Member of the Florida House of Representatives from the 30th district
- In office November 3, 1992 – November 7, 2000
- Preceded by: Dixie Sansom (redistricting)
- Succeeded by: Mike Haridopolos

Personal details
- Born: February 8, 1928 Washington, D.C.
- Died: January 23, 2003 (aged 74) Tallahassee, Florida
- Party: Republican
- Spouse: Joyce
- Children: 4
- Education: Strayer College
- Occupation: Real estate broker, government manager

Military service
- Allegiance: United States
- Branch/service: United States Army

= Howard Futch =

American politician (1928–2003)

Howard E. Futch (February 8, 1928 – January 23, 2003) was a Republican politician from Florida who served as a member of the Florida House of Representatives from 1992 to 2000 and as a member of the Florida Senate from 2001 until his death in 2003.

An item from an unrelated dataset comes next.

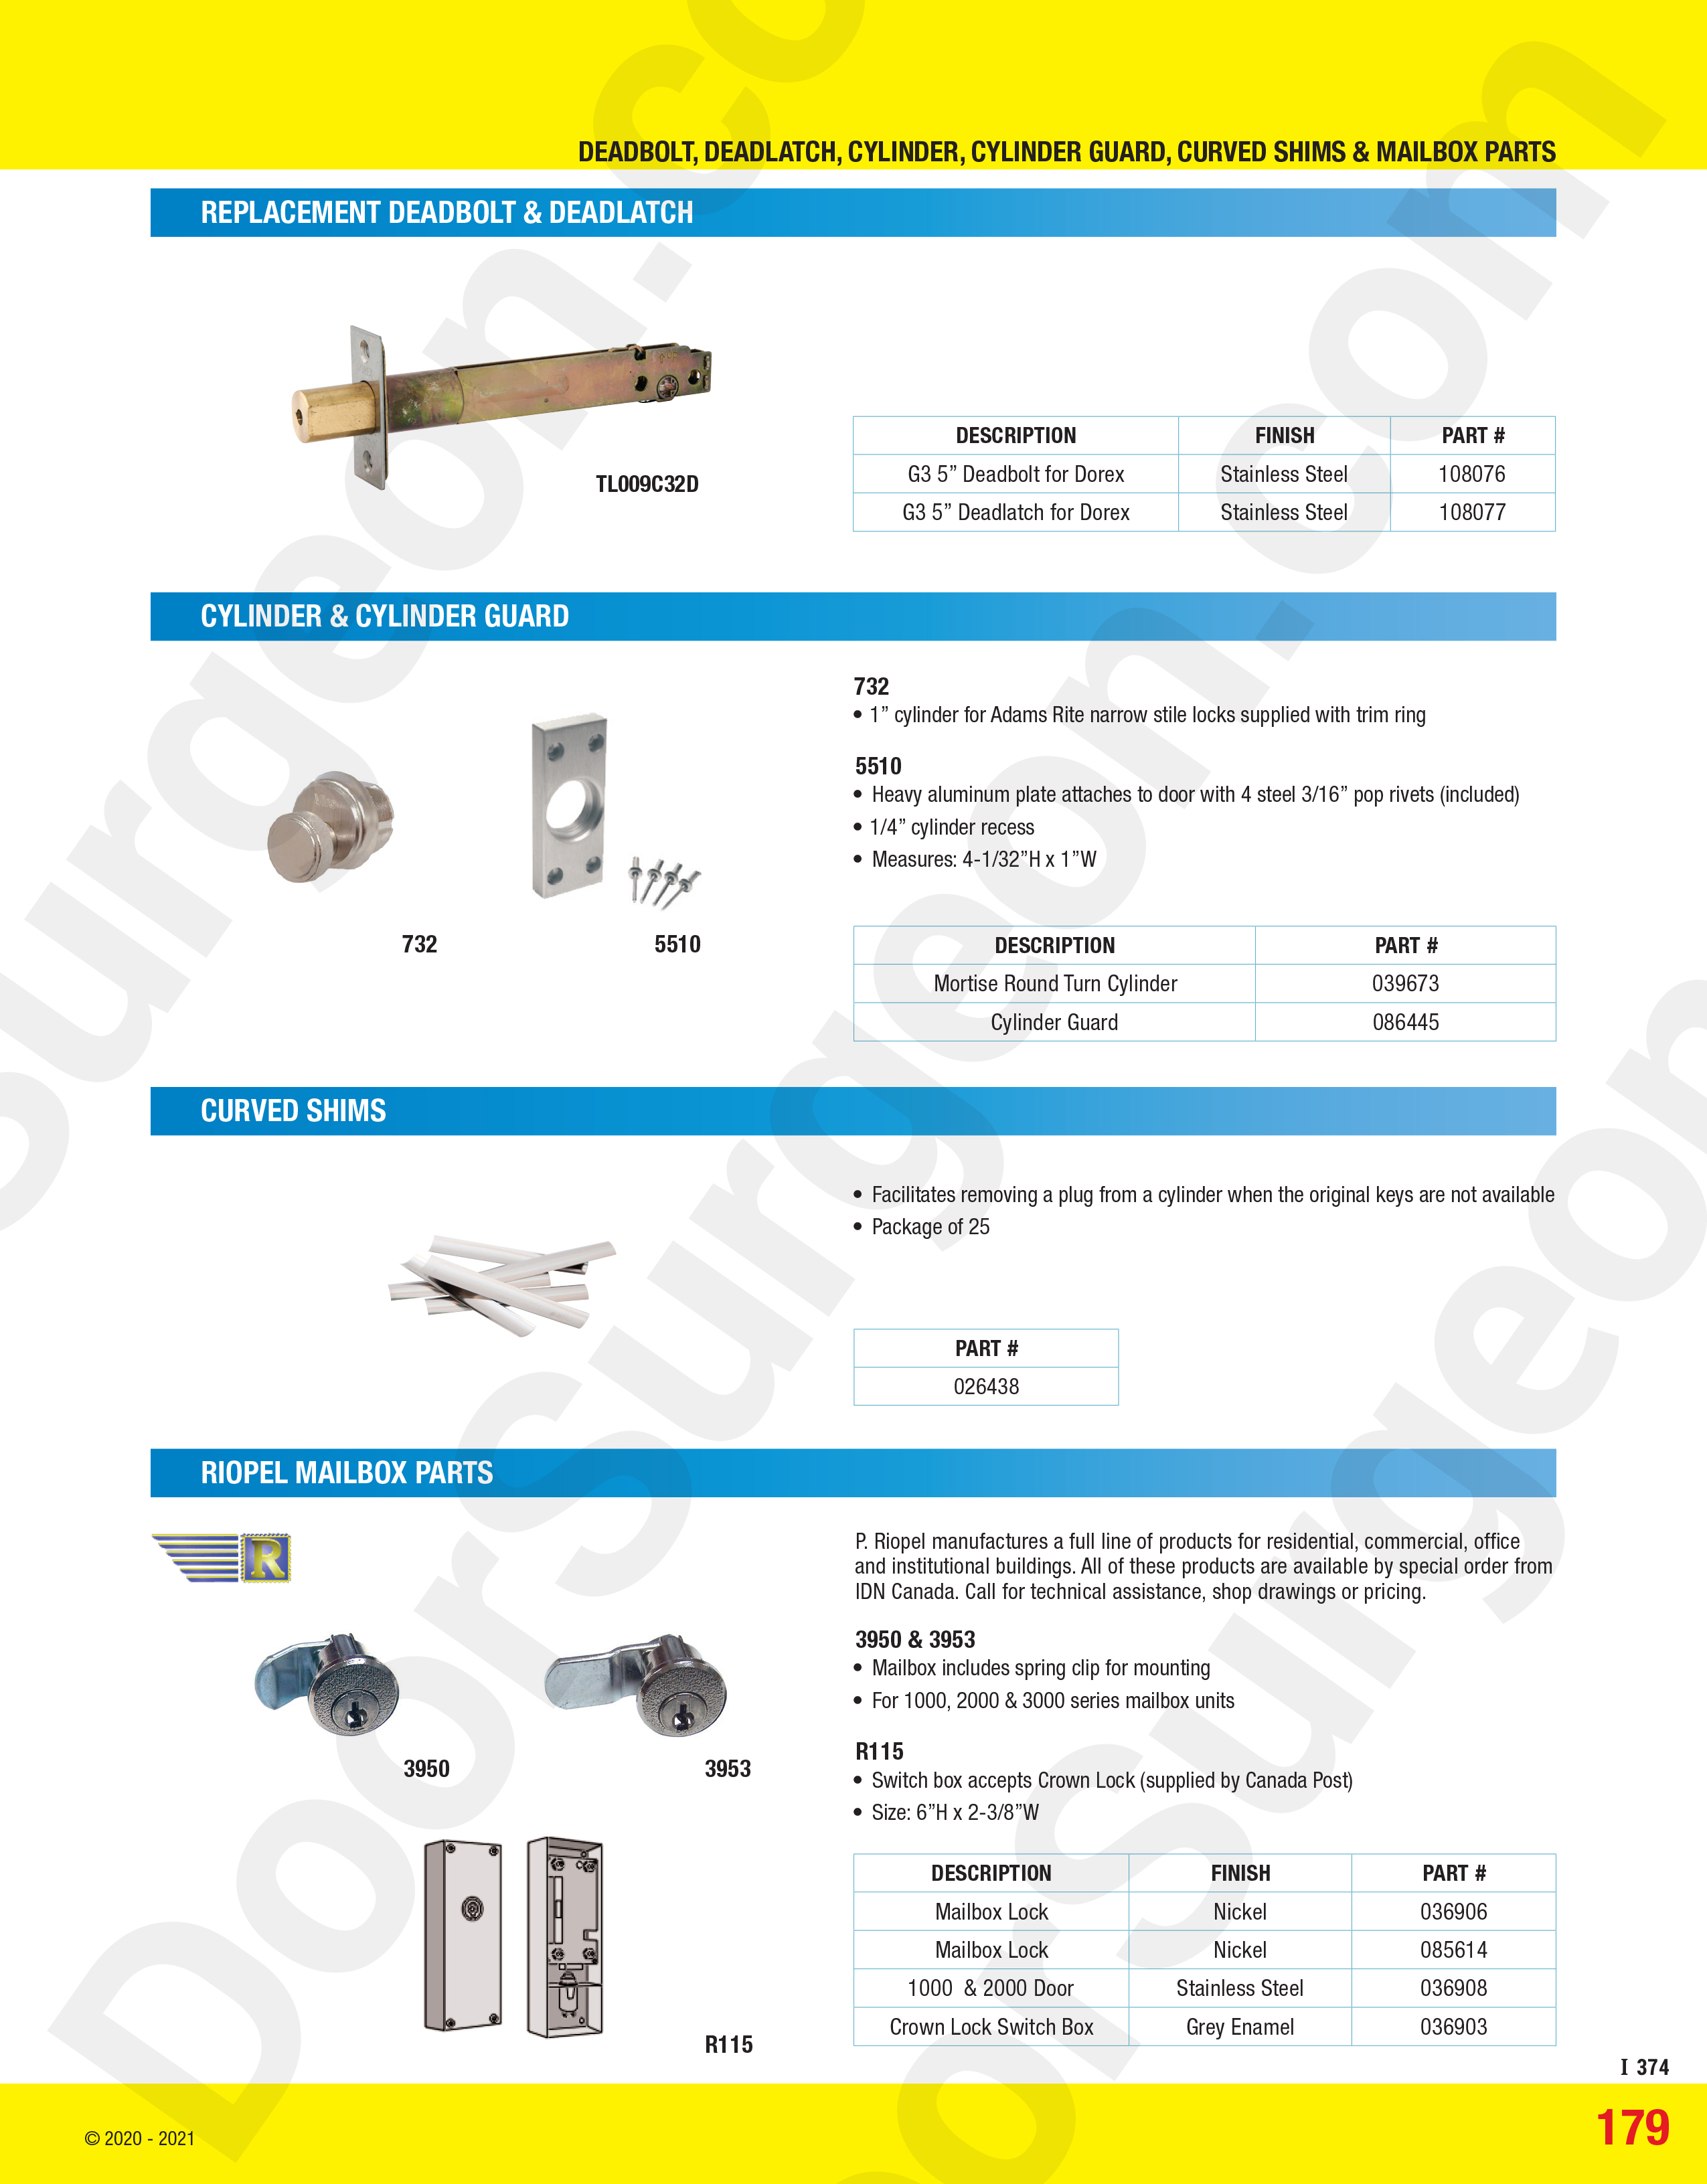 Door Surgeon 5inch deadbolt deadlatch cylinder-guard shims and mailbox parts sales and installation.
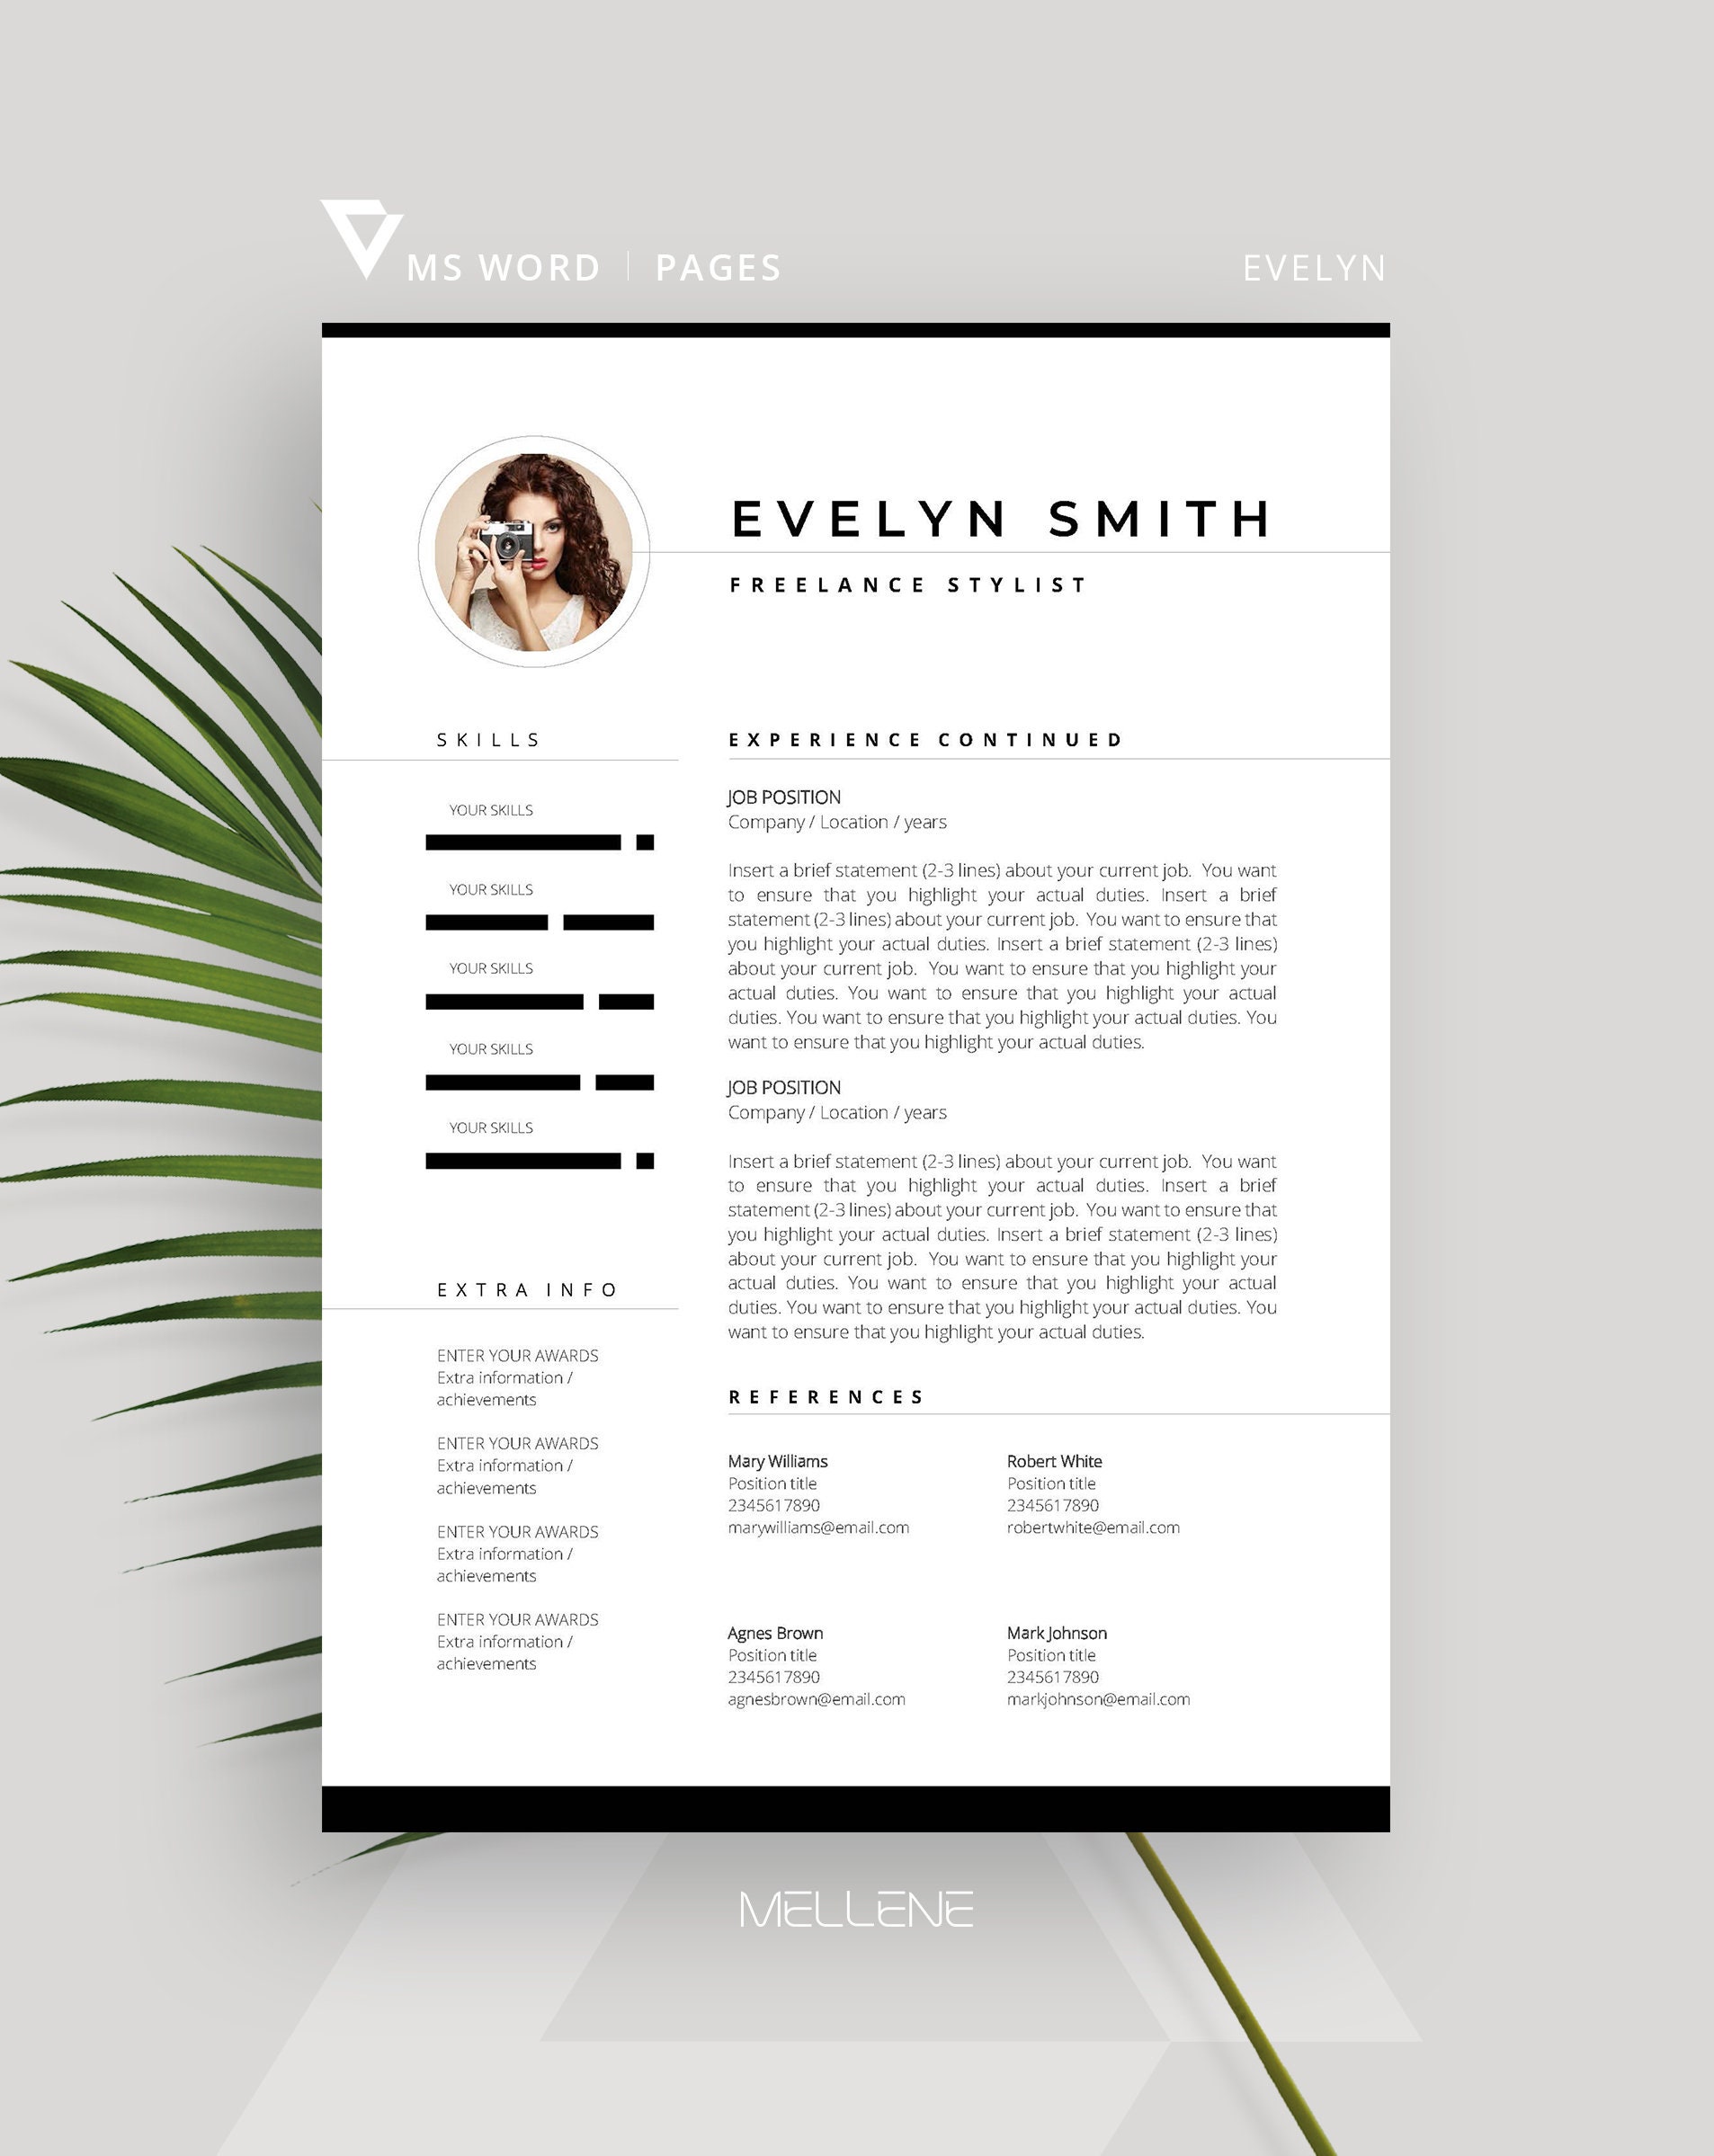 Personal Shopper Resume - Download in Word, Apple Pages

Futch was elected the Florida House of Representatives from the 30th district in 1992, succeeding Republican State Representative Dixie Sansom. He served until 2000, when he was term-limited.

In 2001, when State Senator Charles Bronson was appointed Commissioner of Agriculture, Futch was elected in a special election to succeed him in the 18th district. After redistricting, he was elected to a full term in the 26th district.

Futch died on January 23, 2003, in Tallahassee, Florida, during the legislative session.